Safety Of Stand Up E-Scooters Called Into Question As GM Launches Sit Down E-Bike3
General Motors is preparing to launch its new Ariv e-bike in Europe this month, with deliveries of the bikes to set to begin on June 21st in EU countries like the Netherlands.
These alternative modes of transport like e-bikes and e-scooters are becoming increasingly popular, but some safety advocates aren’t sold on them.

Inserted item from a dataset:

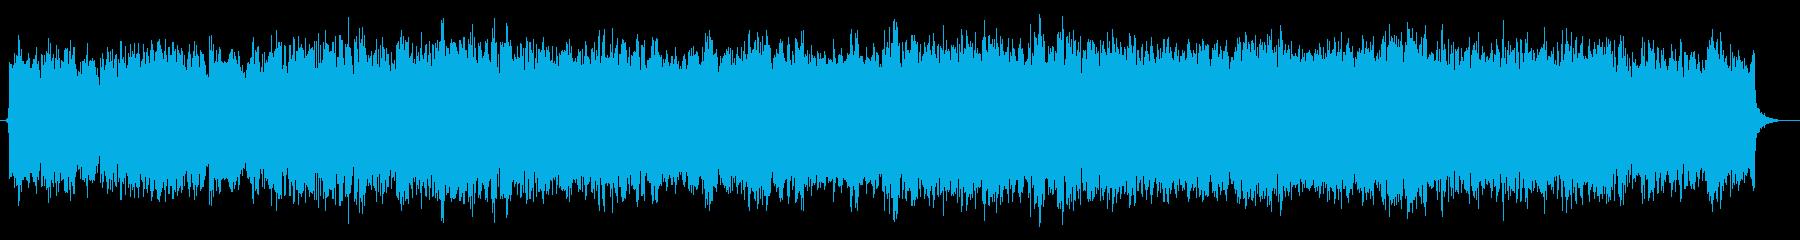 バイオリンソロのロマンチック映画風の曲の再生済みの波形
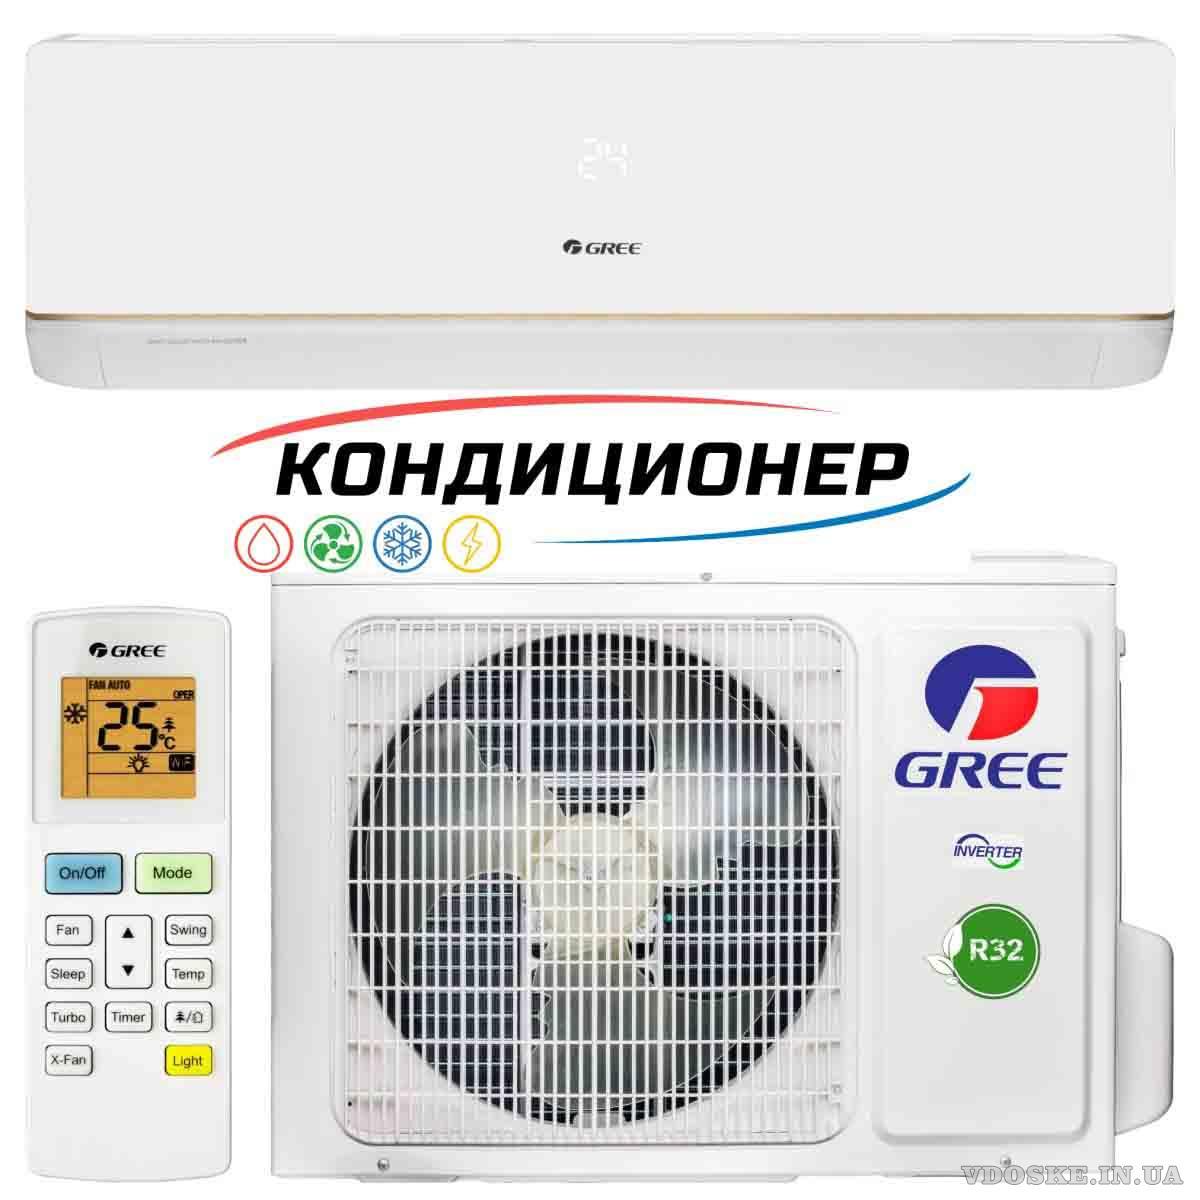 Купить Кондиционер в Киеве с установкой под Ключ. Кондиционер Киев.

A new report from the Associated Press indicates that at least 11 deaths on electric scooters have been recorded in the US since the beginning of 2018 – with nine of those being on a rented scooter owned by app-based services like Lime or Bird. Two of the deaths occurred on scooters the victims owned, AP‘s report says.
Stand-up e-scooters like those from Lime and Bird may be particularly dangerous due to their awkward riding position and dynamics, but relevant data is hard to come by, as they are a relatively new trend. The Center for Disease Control in Austin apparently recorded 192 injuries on e-scooters in a three month period in 2018, with nearly half being head injuries. Because the scooters are rented on the go and are rarely owned, less than 1% of riders wear helmets.
By comparison, GM’s Ariv E-Bike is a sit-down product and isn’t available to rent through an app – it’s sold individually to customers. The fact that it is essentially a traditional bike with an electric motor and features a seat may make it well-suited for rental to the masses one day in the future, though GM has not said if this is part of its plan.
GM’s foray into the e-bike market is a sign of how quickly alternative modes of transport like thios are catching on. The automaker also has an Ariv app that connects to the bike via Bluetooth and displays data like speed, battery level and distance traveled, among more. We imagine this app will be used to collect data on when and how customers use the bikes and where they charge them, giving GM valuable consumer info for any future potential e-bike or e-scooter ventures.
While some have doubts about so many e-bikes and e-scooters sharing the roads with cars in city centers, Bird believes drivers will become more aware of them as they become more commonplace and more companies like GM get in on the market.
“There’s a safety in numbers effect, where the motorists know that there’s people out on the street, so they act accordingly,” said the company’s director of safety policy and advocacy, Paul Steely White.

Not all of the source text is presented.